A family physician must uphold medical ethics, including:

  • Patient confidentiality: Maintaining privacy in sensitive cases

  • Informed consent: Ensuring patients understand their diagnosis and treatment options

  • Non-maleficence: Avoiding harm through unnecessary treatments or medications

  • Professionalism: Treating all patients equally, regardless of social or economic status.

ADVANCEMENTS IN GENERAL PRACTICE

In today’s world, the practice of medicine is advancing at a fast pace. Several private clinicians are bringing modern technologies and practices into their day-to-day practice.9

  • Telemedicine: Many physicians now consult patients online, improving accessibility

  • Electronic medical records: Digital record-keeping is becoming more common

  • Point-of-care testing: Portable diagnostic tools help in quick and efficient disease detection.

CONCLUSION

The role of a general family physician in India is vital in providing accessible and affordable health care. Despite numerous challenges, their contribution to primary health care remains invaluable. With technological advancements and better healthcare policies, family physicians can continue to improve patient care and enhance public health outcomes.10 The National Medical Commission needs to revamp its current policies for healthcare services as well as its current regulations of academic promotions and funding for clinicians who are practicing both in institutes and as private practitioners. Their current mandates are outdated and need an overhaul. As of now, GPs have no incentive to even think of publishing and sharing their experiences in medical journals that are getting published in India. It appears that after so many years of independence, we are still indirectly being held at ransom by overseas organizations when it comes to shaping policies for our own country. I hope in time to come, we will see a change.

Ethical approval

Institutional Review Board approval is not required.

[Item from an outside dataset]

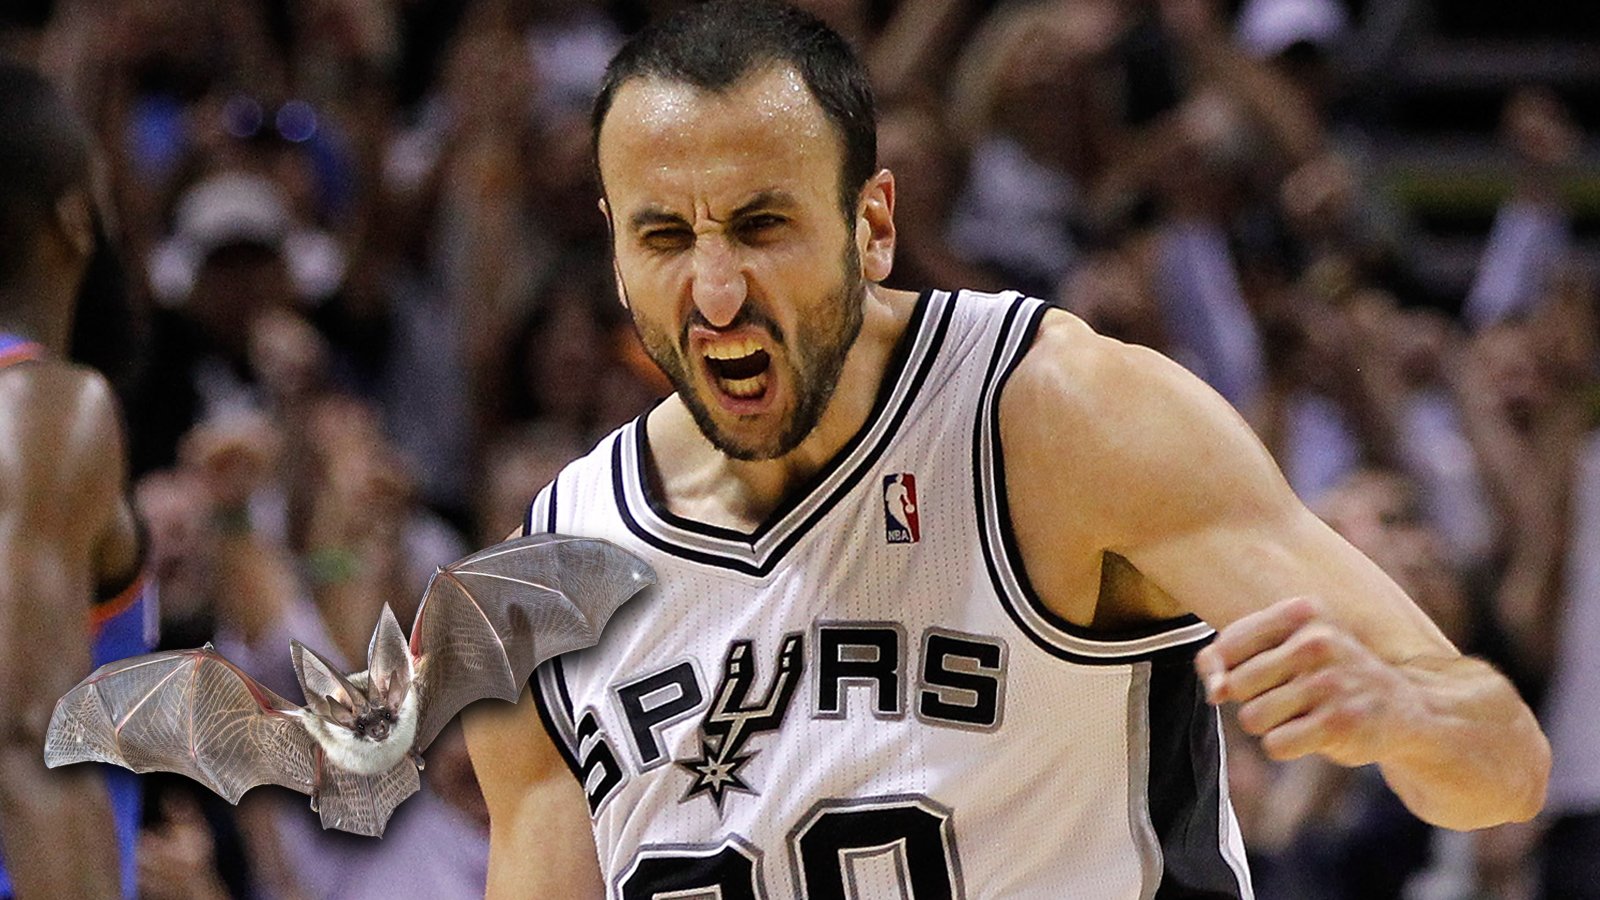 Manu Ginobili Swatting A Bat Out Of Midair During A Game On Halloween Was A Truly Bizarre NBA Moment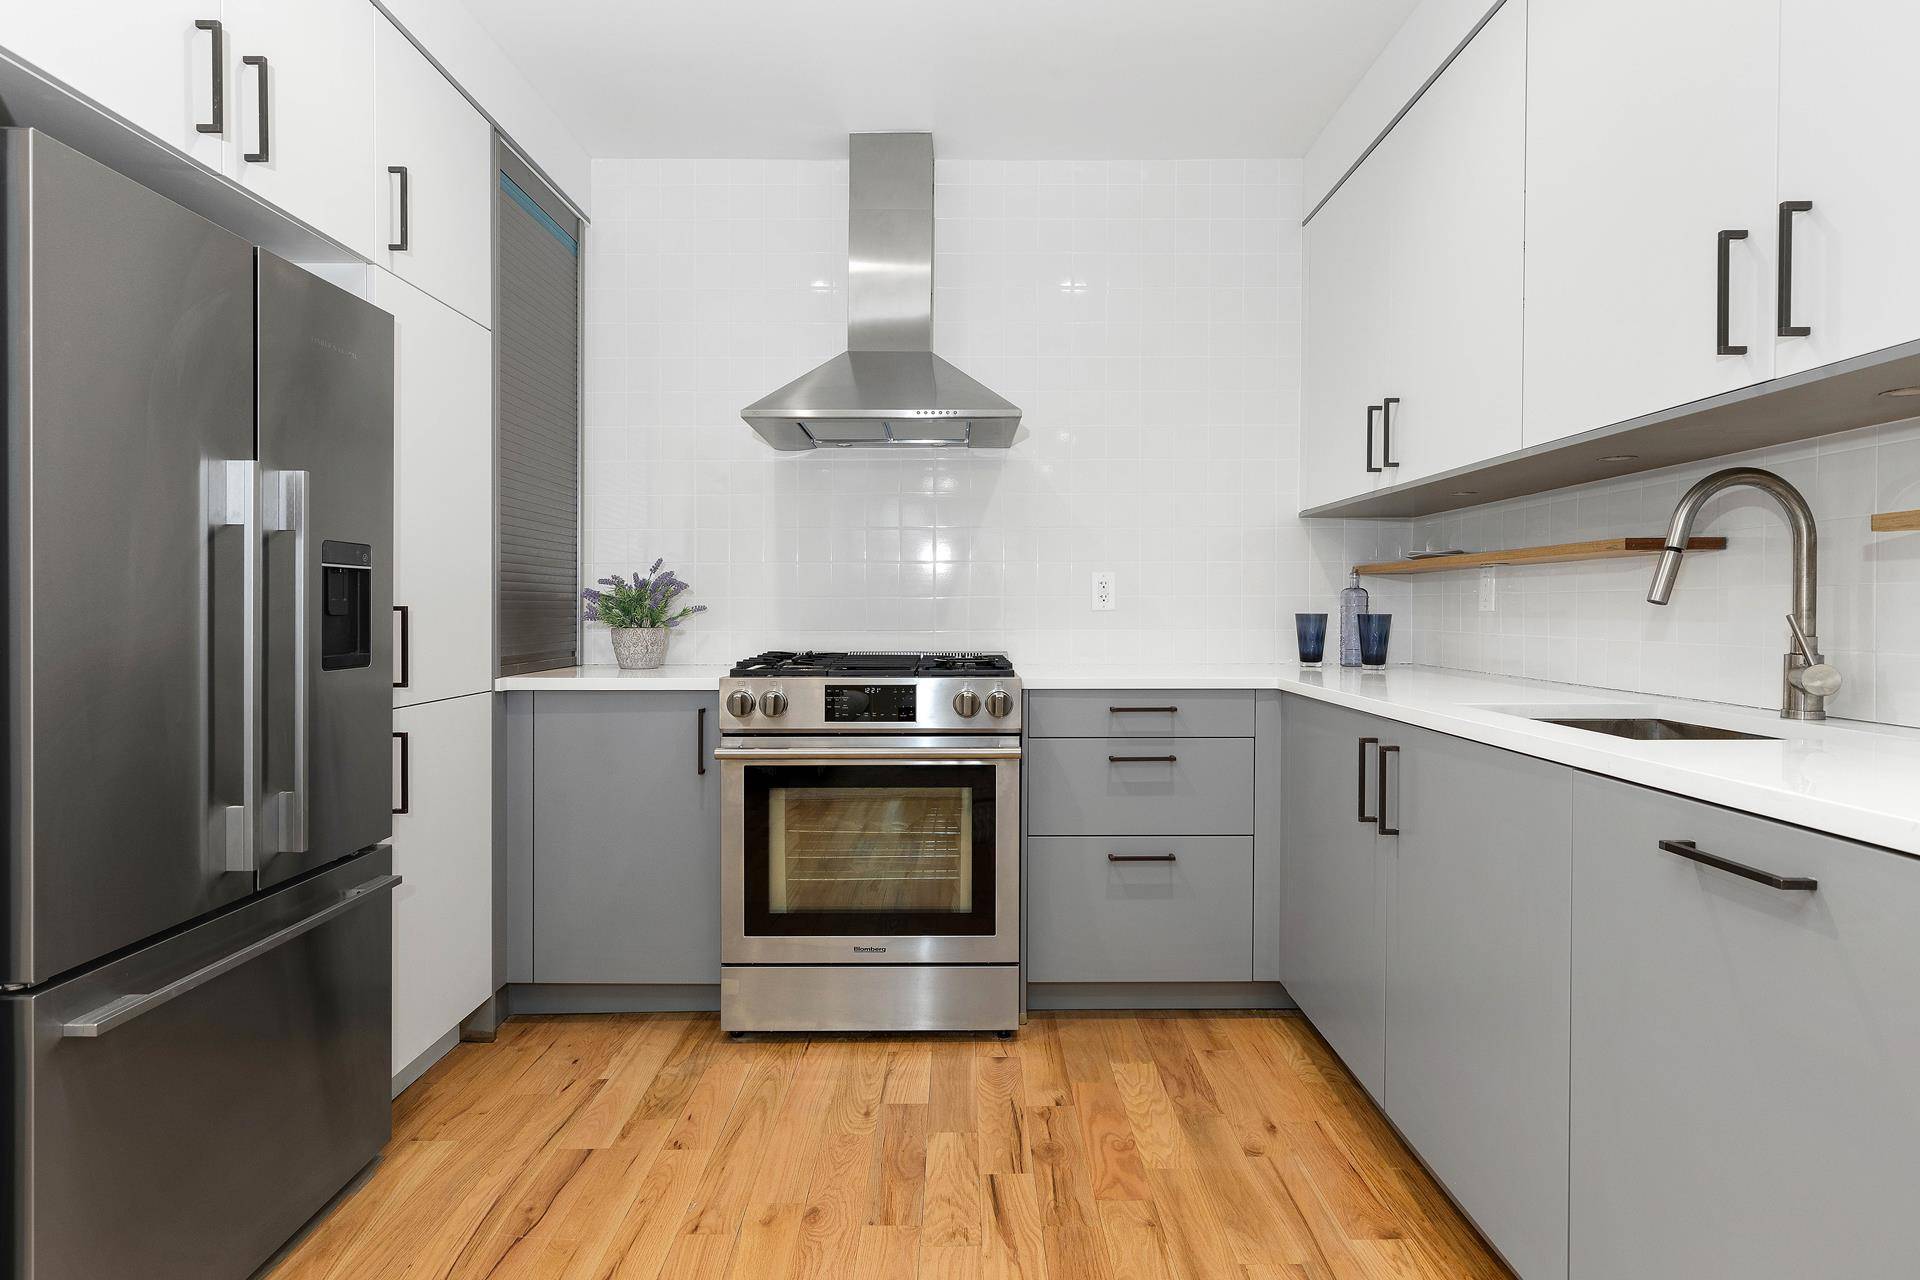 Open House by Appointment ONLY Introducing 803 Quincy Street, a brand new, eight unit boutique condominium comprised of one three bedroom 1BR 3BR residences in the historic Stuyvesant Heights section ...

Declaration of patient consent

Patient’s consent is not required as there are no patients in this study.

Conflicts of interest

There are no conflicts of interest.

Use of artificial intelligence (AI)-assisted technology for manuscript preparation

The authors confirm that there was no use of artificial intelligence (AI)-assisted technology for assisting in the writing or editing of the manuscript and no images were manipulated using AI.

Financial support and sponsorship: Nil.